A variety of plant and vertebrate fossils have been recovered from the Pekin Formation, the including partial skeletons of large vertebrates. The Boren pits preserves abundant plant megafossils, most commonly cycads and bennettitales, as well as horsetails, various ferns and conifers. Some of the most notable finds include an intact specimen of the early palm-like cycad Leptocycas gracilis, as well as a new species of the bennettitale Williamsonia, W. carolinensis, that preserves rare reproductive organs and suggests that it and the leaf Eoginkgoites belong to the same plant.

Invertebrate fossils from the Boren pits include conchostracans (clam shrimps) and clams, as well as numerous Scoyenia burrow trace fossils likely made by a crayfish-like decapod. Vertebrate remains are more common in the Pomona pit, which has preserved the fragmentary remains of archosaurs, phytosaurs, and synapsids, as well as fish bones and scales. Fossil footprints and trackways of tetrapods have also been recorded from the Pomona pit (with a single print from the Boren pit), including bipedal three-toed footprints that may have been made by early dinosaurs.

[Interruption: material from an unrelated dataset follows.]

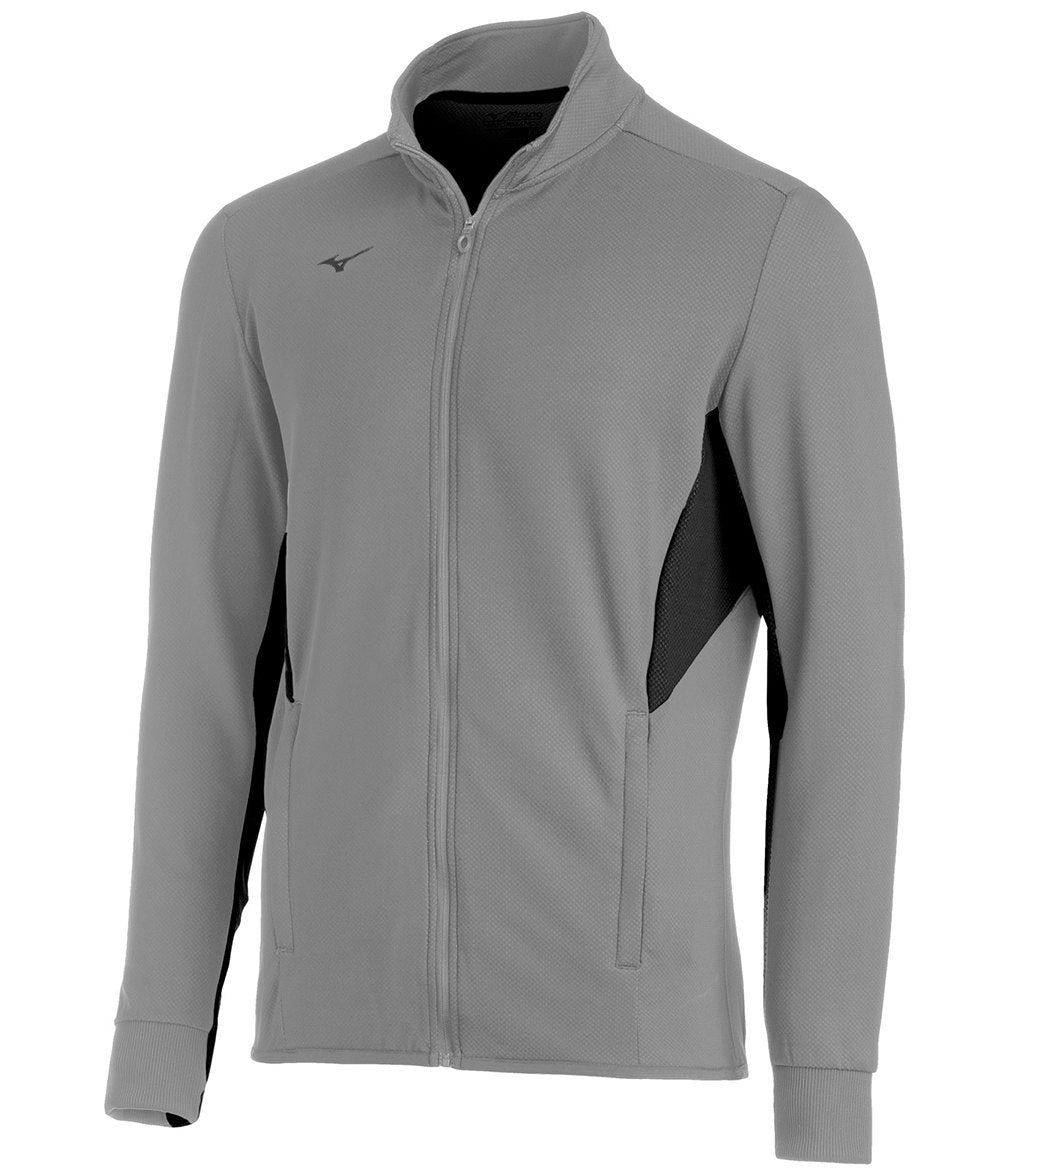 Mizuno Men's Elite Training Jacket - Grey-Black Large Grey/Black Cotton/Polyester - Swimoutlet.com

Only vertebrate fossils are known from the upper Pekin NCPALEO 1902 locality, and include a variety of archosaurs and synapsids typical of Late Triassic North America. The vertebrate fauna of the Pekin Formation has been used to correlate it with strata in western North America, such as the Chinle Formation, with some genera (e.g. Placerias, Coahomasuchus) being shared between eastern and western North America.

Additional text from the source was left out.